Iraq: Radical cleric becomes 'ayatollah'

Baghdad, 5 May (AKI) - Radical Iraqi Shia cleric, Moqtada al-Sadr, is reported to have assumed the title of Grand Ayatollah after concluding his studies in the holy city of Qom in Iran. Sources close to the cleric's faction released the news to the Arab daily, al-Sharq al-Awsat.

Around 70 supporters of al-Sadr on Sunday concluded a conference in the Turkish city of Istanbul where they elected new leaders and mapped out their future.

Al-Sadr, who leads the Mahdi Army militia, also met both Recep Tayyip Erodgan, the Turkish prime minister, and president Abdullah Gul in Ankara on Friday during his visit to Turkey.

Al-Sadr joined his supporters after completing two years of study in Iran and was expected to return to Iraq this week to resume his religious leadership.

During the Shia conference entitled 'The Al-Sadr faction and future challenges', Al-Sadr's supporters renewed their commitment to fight the occupation of their country and demand the removal of all foreign troops, while seeking greater collaboration with other Iraqi political parties.

In 2004, al-Sadr's militia launched an uprising against American troops in Baghdad and British forces in the Shia heartland of southern Iraq.

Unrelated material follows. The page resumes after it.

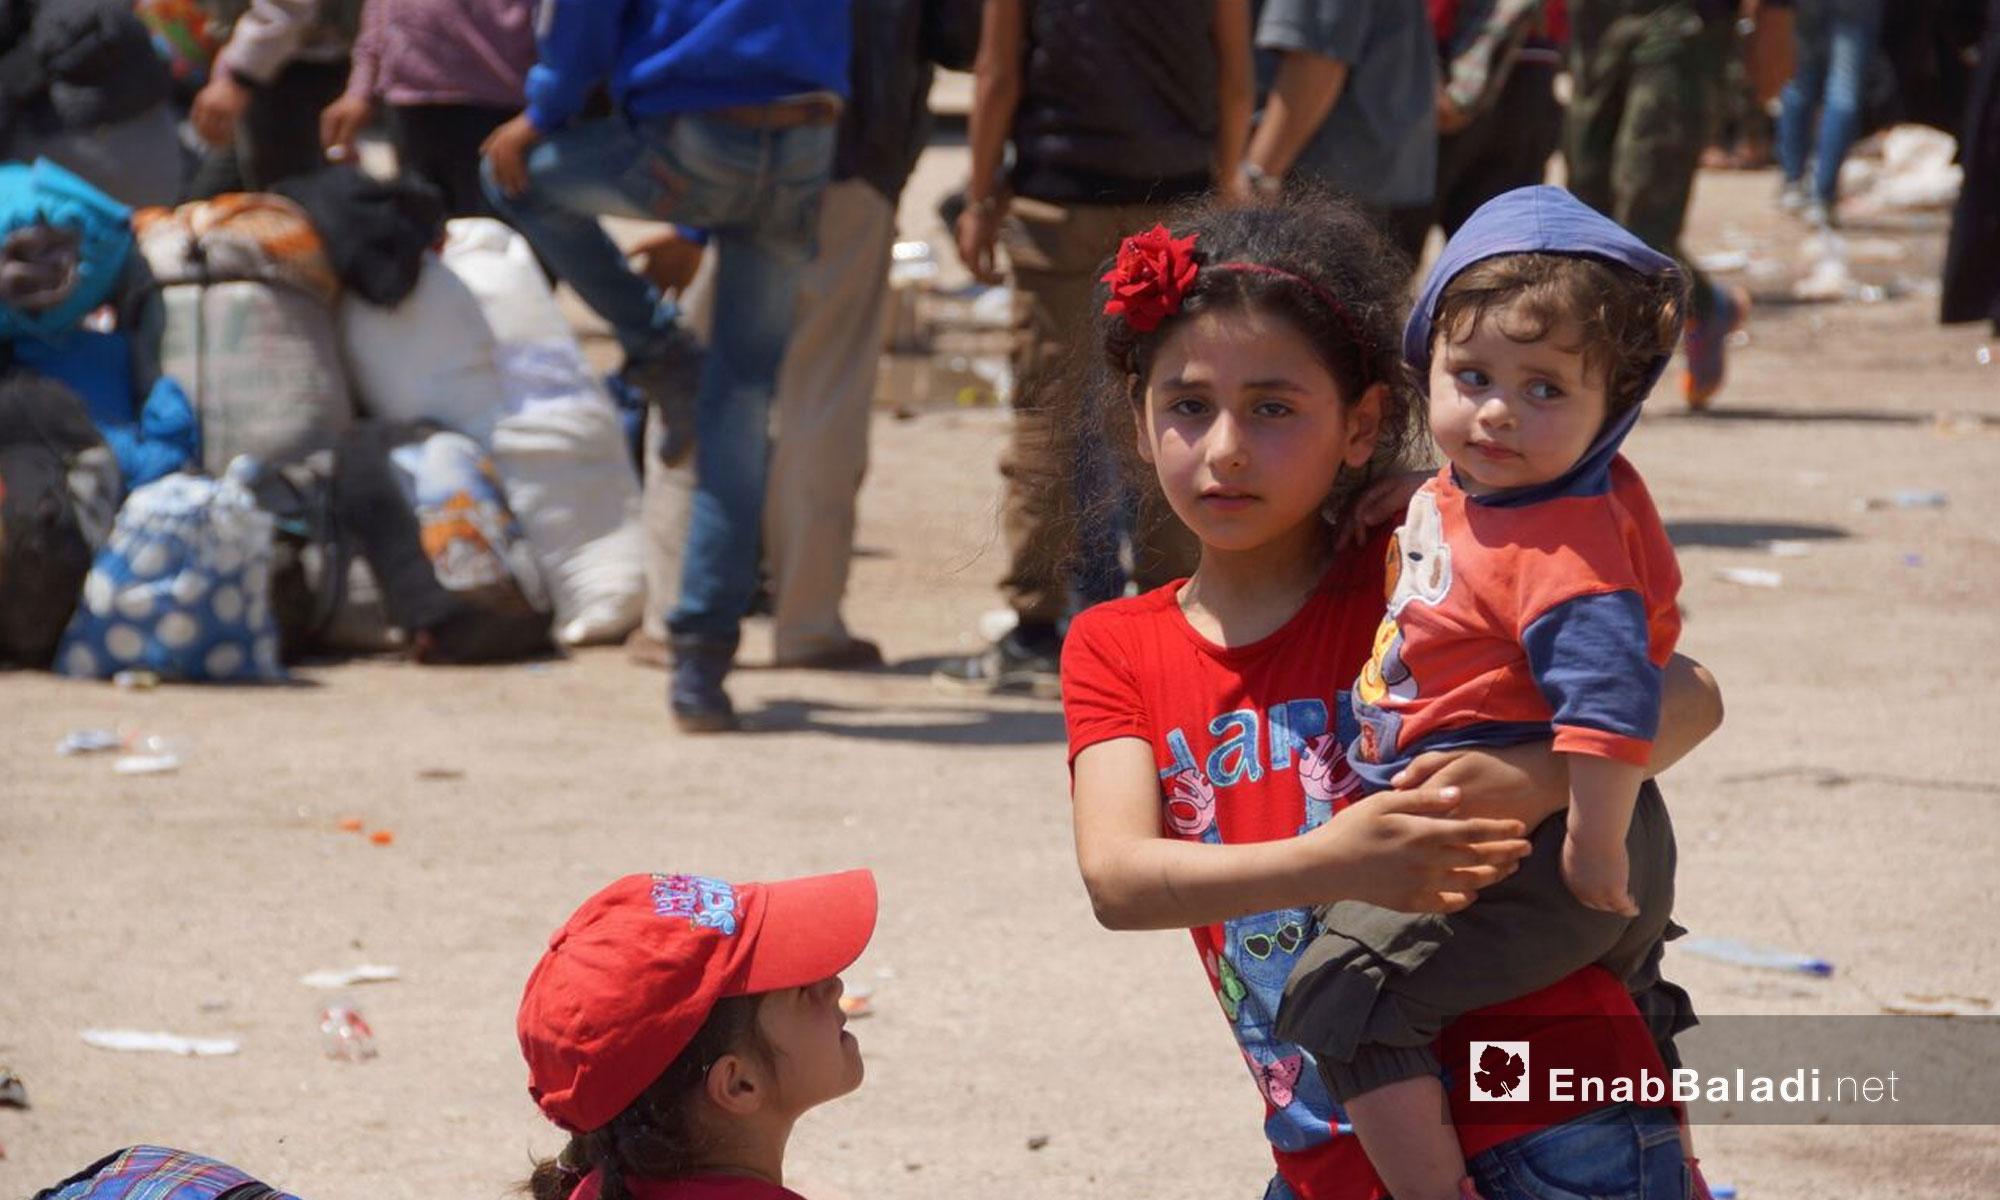 أطفال من مهجري ريف حمص لحظة وصولهم إلى قلعة المضيق في ريف حماة - 10 أيار 2018 (عنب بلدي)

But his militia suffered a crushing defeat at the hands of Iraq's new army last year and his followers have reportedly now turned to mainstream politics.

Al-Sadr is the son of a revered Ayatollah, Mohammed Sadiq al-Sadr, who represented oppressed majority Shias during Saddam Hussein's dictatorship.

He was murdered by the former regime in 1999, an assassination which provoked widespread riots in Shia areas.